The superapp claimed custom apps can be built in as little as five minutes. It gave two examples of groups that had developed tools. Its insurance division built a chatbot to provide information on policies, inquiries, and claims procedures, and its localization group developed a translation app. Spellvault operates on the front end through a three-step process. Users start by defining the model's task, such as assessing product initiatives for potential policy risks. Then they upload relevant data into the Knowledge Vault, a repository where Spellvault stores structured information. Finally, users can specify APIs if the model needs additional data from external sources.
LEGAL & REGULATORY
Law enforcement operation takes down 22,000 malicious IP addresses worldwide
The operation, which ran from the beginning of April through the end of August, resulted in the arrest of 41 people and the takedown of 1,037 servers and other infrastructure running on 22,000 IP addresses. Synergia II, as the operation was named, was the work of multiple law enforcement agencies across the world, as well as three cybersecurity organizations. An international coalition of police agencies has taken a major whack at criminals accused of running a host of online scams, including phishing, the stealing of account credentials and other sensitive data, and the spreading of ransomware. The three private cybersecurity organizations that were part of Operation Synergia II were Group-IB, Kaspersky, and Team Cymru. All three used the telemetry intelligence in their possession to identify malicious servers and made it available to participating law enforcement agencies. The law enforcement agencies conducted investigations that resulted in house searches, the disruption of malicious cyber activities, the lawful seizures of servers and other electronic devices, and arrests.
The three private security organizations helped identify 30,000 potentially malicious IP addresses. Follow-on investigations later concluded that roughly 76 percent of them were malicious, amounting to about 22,800. Authorities also seized 59 servers and 43 electronic devices, including laptops, mobile phones, and hard disks. The operation led to the arrest of 41 individuals, with 65 others still under investigation.
Canadian Man Arrested in Snowflake Data Extortions
At the end of 2023, malicious hackers learned that many large companies had uploaded huge volumes of sensitive customer data to Snowflake accounts that were protected with little more than a username and password (no multi-factor authentication required). After scouring darknet markets for stolen Snowflake account credentials, the hackers began raiding the data storage repositories used by some of the world’s largest corporations. Canadian authorities arrested Alexander Moucka, a.k.a. Connor Riley Moucka of Kitchener, Ontario, on a provisional arrest warrant from the United States.

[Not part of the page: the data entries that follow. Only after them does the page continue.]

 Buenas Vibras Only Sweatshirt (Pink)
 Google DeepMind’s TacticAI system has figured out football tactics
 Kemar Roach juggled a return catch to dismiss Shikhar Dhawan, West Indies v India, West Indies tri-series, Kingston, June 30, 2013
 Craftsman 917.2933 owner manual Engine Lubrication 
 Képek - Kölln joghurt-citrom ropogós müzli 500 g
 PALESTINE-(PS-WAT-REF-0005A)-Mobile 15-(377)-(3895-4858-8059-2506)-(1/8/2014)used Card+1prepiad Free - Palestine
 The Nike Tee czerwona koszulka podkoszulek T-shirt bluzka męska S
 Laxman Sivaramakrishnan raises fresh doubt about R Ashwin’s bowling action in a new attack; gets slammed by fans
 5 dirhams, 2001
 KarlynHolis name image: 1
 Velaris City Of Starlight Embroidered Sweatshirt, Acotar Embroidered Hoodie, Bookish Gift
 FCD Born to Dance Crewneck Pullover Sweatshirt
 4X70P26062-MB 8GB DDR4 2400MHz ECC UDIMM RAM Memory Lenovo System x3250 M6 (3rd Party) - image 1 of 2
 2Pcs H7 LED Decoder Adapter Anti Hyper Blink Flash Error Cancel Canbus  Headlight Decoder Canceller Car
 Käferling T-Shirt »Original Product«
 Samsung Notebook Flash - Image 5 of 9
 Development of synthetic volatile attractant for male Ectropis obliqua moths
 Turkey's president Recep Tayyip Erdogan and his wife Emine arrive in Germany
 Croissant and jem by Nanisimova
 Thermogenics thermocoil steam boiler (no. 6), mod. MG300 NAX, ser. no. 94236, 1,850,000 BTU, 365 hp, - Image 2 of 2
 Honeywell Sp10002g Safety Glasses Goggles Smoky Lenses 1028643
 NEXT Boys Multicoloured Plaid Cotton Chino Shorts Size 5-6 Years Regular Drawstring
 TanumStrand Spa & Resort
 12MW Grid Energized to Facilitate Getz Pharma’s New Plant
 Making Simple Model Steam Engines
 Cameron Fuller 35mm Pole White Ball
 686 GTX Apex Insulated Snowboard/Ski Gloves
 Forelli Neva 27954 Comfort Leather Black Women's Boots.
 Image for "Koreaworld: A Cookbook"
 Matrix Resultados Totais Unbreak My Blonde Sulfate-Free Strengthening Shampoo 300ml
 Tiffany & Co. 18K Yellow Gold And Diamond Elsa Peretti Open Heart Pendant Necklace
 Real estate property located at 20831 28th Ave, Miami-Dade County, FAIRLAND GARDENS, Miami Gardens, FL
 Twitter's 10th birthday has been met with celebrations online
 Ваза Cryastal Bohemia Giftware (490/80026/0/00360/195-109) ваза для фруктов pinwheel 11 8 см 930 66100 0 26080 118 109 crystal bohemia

Suspect arrested in Snowflake data-theft attacks affecting millions
UNC5537 aka Alexander ‘Connor’ Moucka has proven to be one of the most consequential threat actors of 2024. In April 2024, UNC5537 launched a campaign, systematically compromising misconfigured SaaS instances across over a hundred organizations. The operation, which left organizations reeling from significant data loss and extortion attempts, highlighted the alarming scale of harm an individual can cause using off-the-shelf tools.
A co-conspirator, John Binns, was arrested in June.
US regulator rejects bid to boost nuclear power to Amazon data center
Amazon purchased a 960-megawatt data center next to the Susquehanna power plant for $650 million earlier this year. Following the announcement, PJM sought to increase the amount of power running directly to the co-located data center. However, the move faced pushback from regional utilities, including Exelon and American Electric Power (AEP). “Co-location arrangements of the type presented here present an array of complicated, nuanced and multifaceted issues, which collectively could have huge ramifications for both grid reliability and consumer costs.”